Wiring harnesses are not specific to ICE vehicles. The article didn't do enough research - the issue is _direct_ wiring harnesses, which is an issue that plagues _legacy_ vehicles, but not all ICE vehicles. Direct wiring harnesses mean anything controllable in the car has specific wires going to it just for that purpose. Tesla uses CANbus, and a lot of other vehicles do as well. That's a serial communications protocol, which means you can chain together all controllable components without giving each one a separate control wire.

That doesn't get rid of wiring harnesses, it just makes them simpler, use fewer miles of wire, and a lot less labor to produce. It used to be the cost difference between legacy wiring harnesses and CANbus based ones wasn't much, but only because the legacy ones were made by hand in low labor cost countries - but with that falling apart now, legacy wiring costs a _lot_ more.

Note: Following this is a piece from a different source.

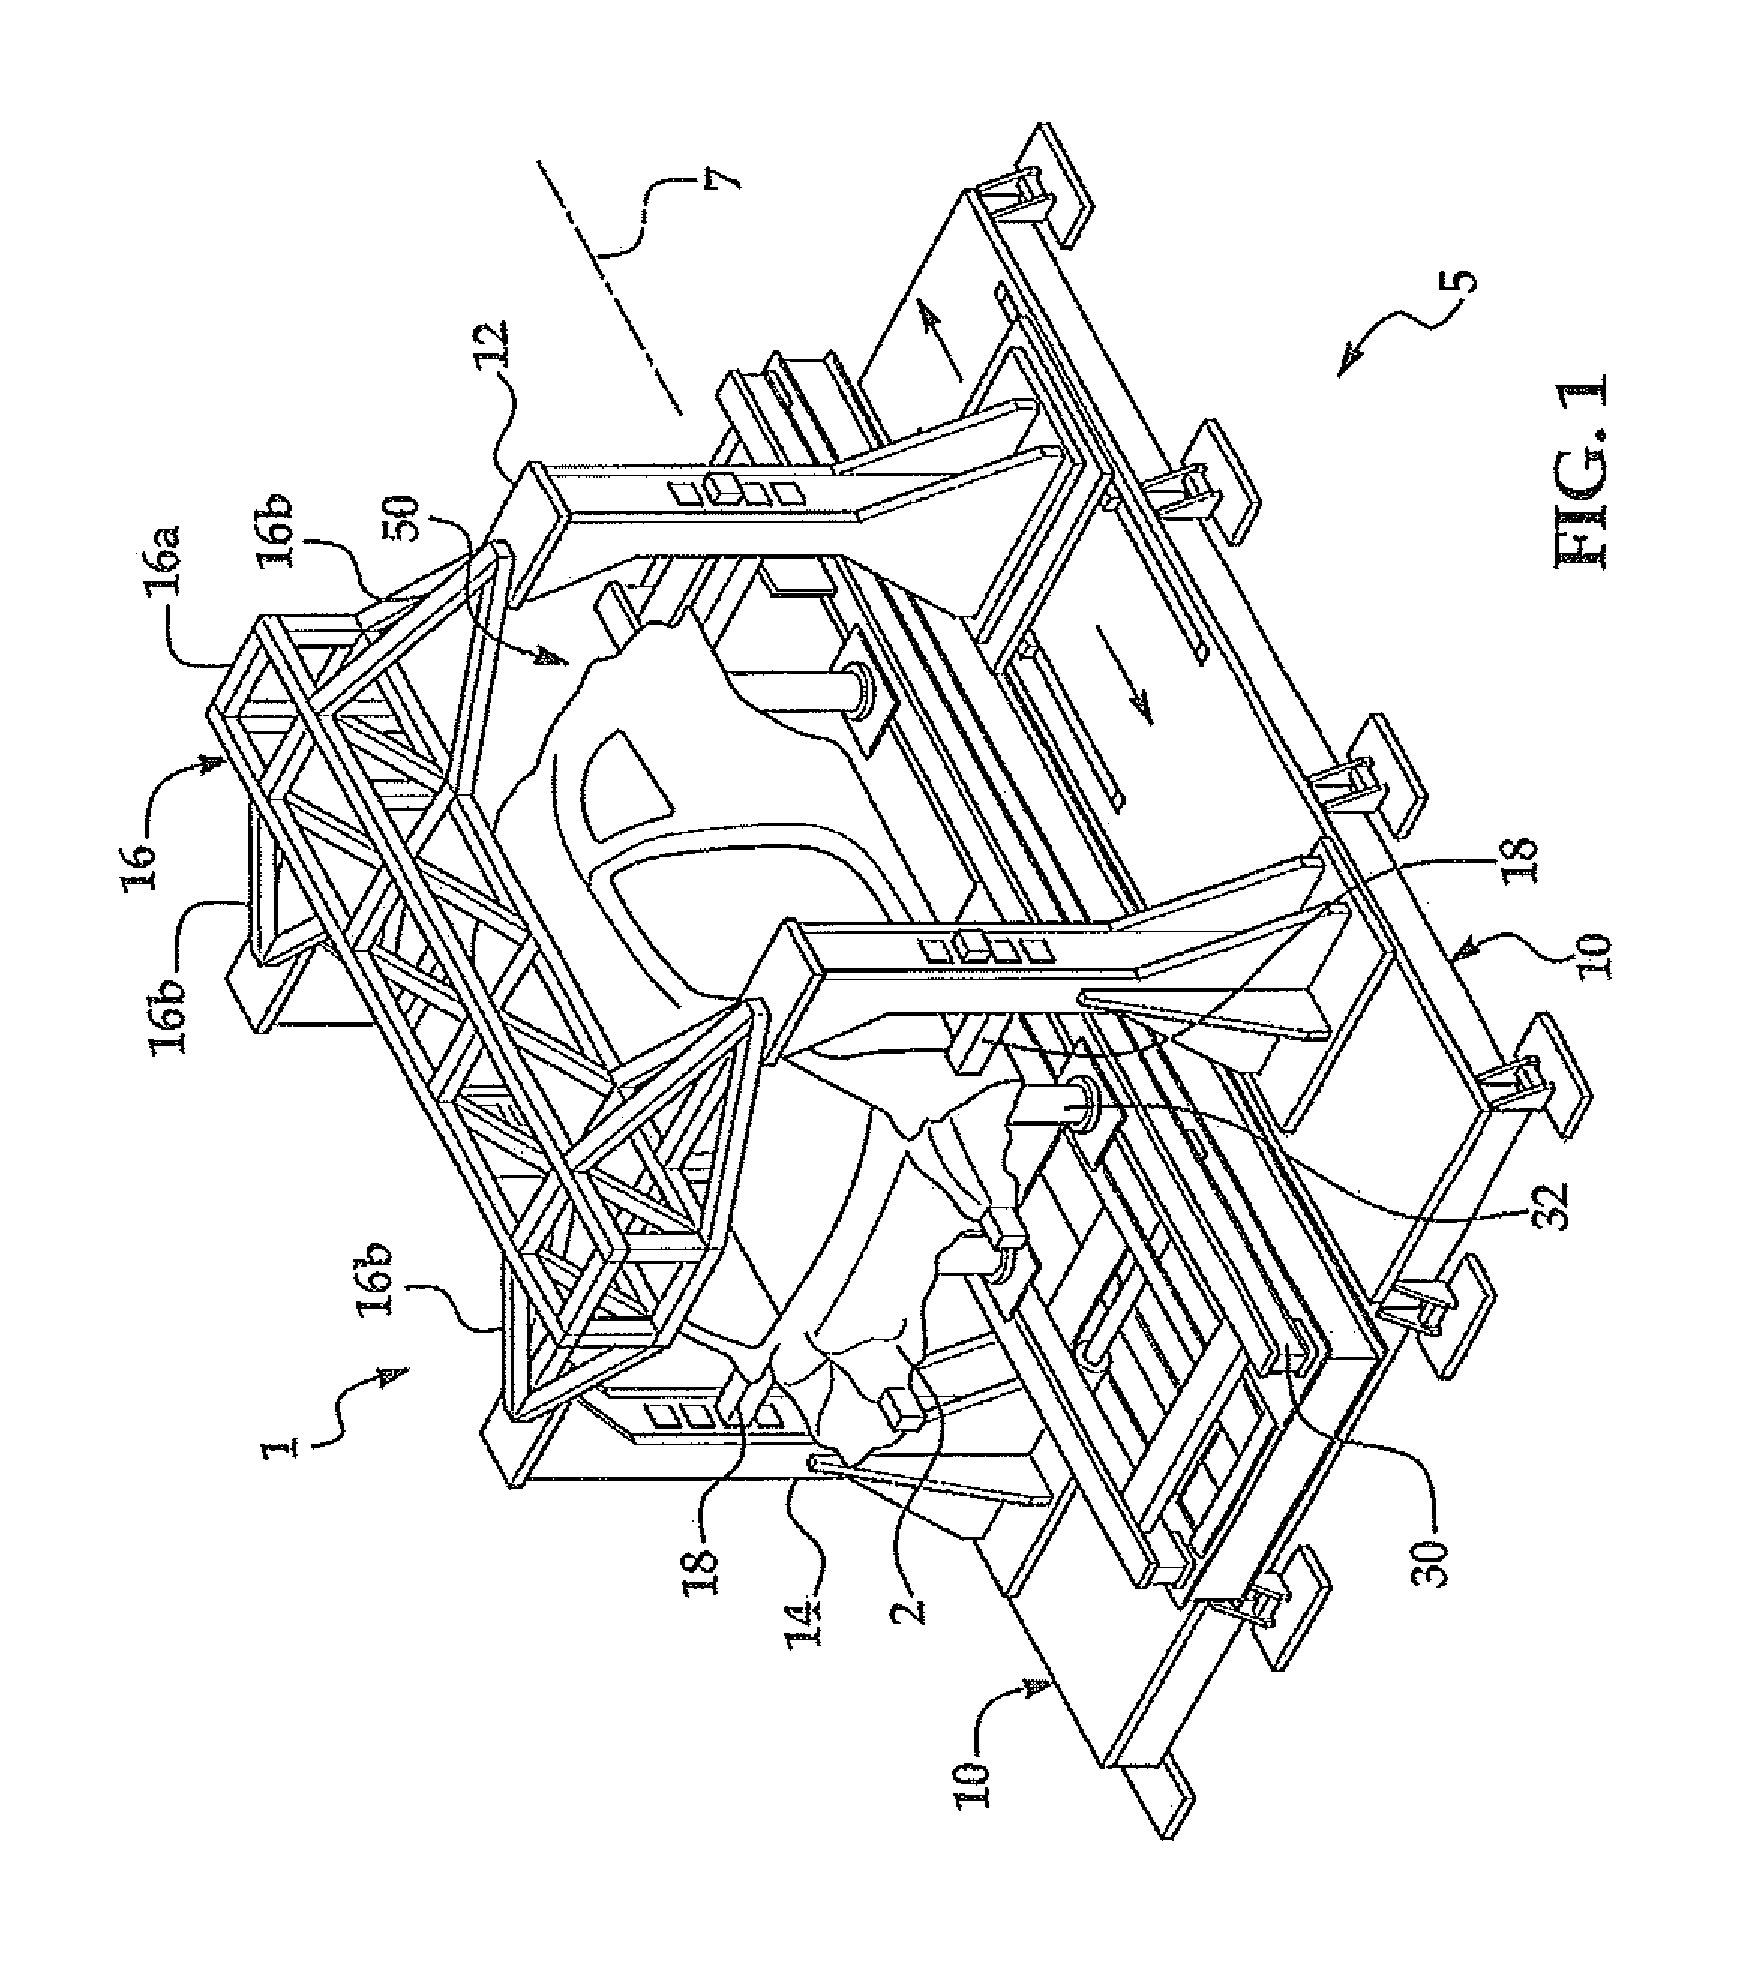 Variable vehicle body fixed framer and method

Since most automakers don't do iterative design changes, changing the wiring harness to CAN style means redesigning the entire car. And right now, it makes sense to spend redesign money on EV's, and not ICE vehicles. So that's _really_ how the humble wiring harness is hastening the move to EV's.

Case in point of how legacy wiring causes issues as automakers hesitate to do a full redesign: A lot of cars that haven't gone all to CANbus detect brake pedal presses by looping through the rear brake light harness. They would have two loops: One through the brake light harness for the ABS system, and one for cruise control. The end result to this ridiculous hack is when one of the rear brake lights burn out or short, cruise control quits working, and you get an ABS failure light. Since both talk to the main engine computer, it sees two faults, switches on the Service Engine light, and puts the car into limp-home mode. All over a burned out light bulb.